Personal information
- Born: October 5, 1942 (age 83) Modesto, California, United States
- Height: 1.87 m (6 ft 2 in)
- Weight: 78 kg (172 lb)

Sport
- Sport: Athletics
- Event(s): 400 m, 400 m hurdles
- Club: Southern California Striders, Anaheim

Achievements and titles
- Personal best(s): 400 m – 46.6 (1967) 880 yd – 1:48.6 (1963) 400 mH – 49.06 (1968)

Medal record
Representing the United States
Pan American Games
| Gold medal – first place | 1967 Winnipeg | 400 m hurdles |
Summer Universiade
| Gold medal – first place | 1967 Tokyo | 400 m hurdles |
| Bronze medal – third place | 1965 Budapest | 400 m hurdles |

= Ron Whitney =

American hurdler and sprinter (born 1942)

Ronald Howard Whitney (born October 5, 1942) is an American retired hurdler and sprinter. Known for his fast finish, he was sixth in the 400 m hurdles at the 1968 Summer Olympics. He had entered the race as one of the favorites, having been ranked #1 in the world in 1967 and winning the USA Outdoor Track and Field Championships in the event for the second time earlier that year. At the Olympics, his first heat victory established a new Olympic record, only to be surpassed by David Hemery two days later.

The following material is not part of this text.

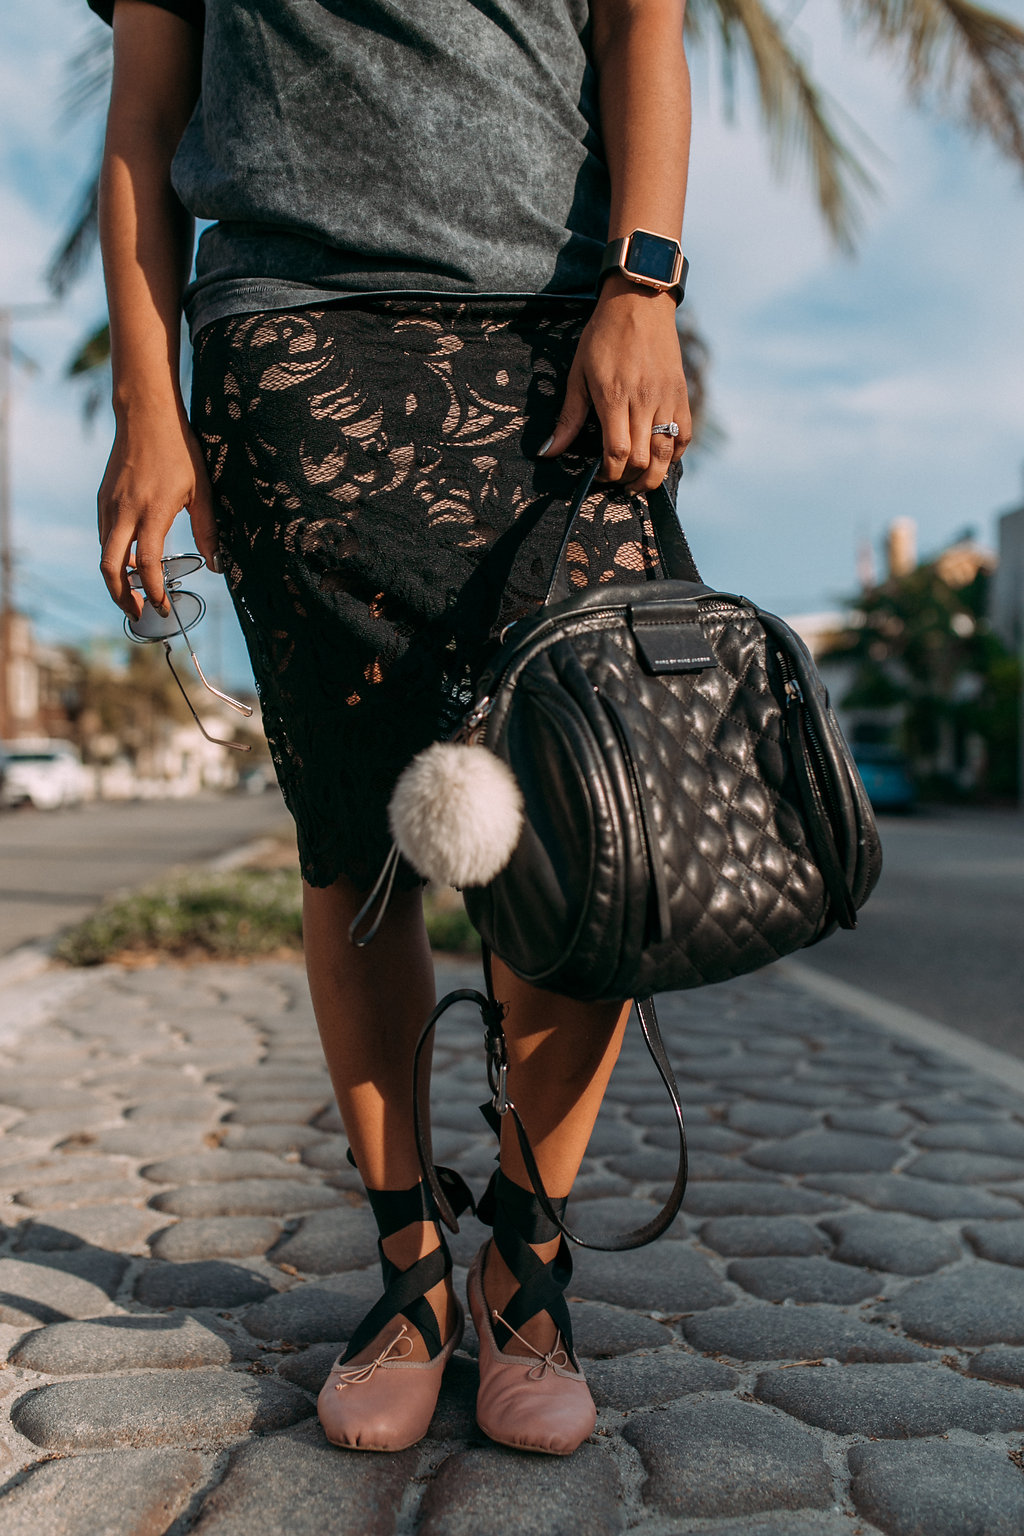 Zara Ballet Slippers + Chloe sunnies // https://thehautemommie.com/3-outfits-in-1/

Previously he had been the Pan American Games champion in the same event. While working on his master's degree at Colorado State University, he was the 1967 Gold Medalist at the World University Games. He also had won bronze two years earlier and while competing for Occidental College, where he was coached by Jim Bush, was runner up at the NCAA Championships in 1963.

At Thomas Downey High School in Modesto, California, Whitney was the champion at the 1960 Golden West Invitational, the equivalent of a national champion, at 800 m, a week after finishing fourth in the CIF California State Meet in the same event.

Whitney continued to compete into masters age groups as a pioneer of masters athletics.

Whitney continues to be involved in the sport as head track and field coach at Santa Rosa Junior College. He is a member of the Mt. SAC Relays Hall of Fame and the Occidental College Hall of Fame.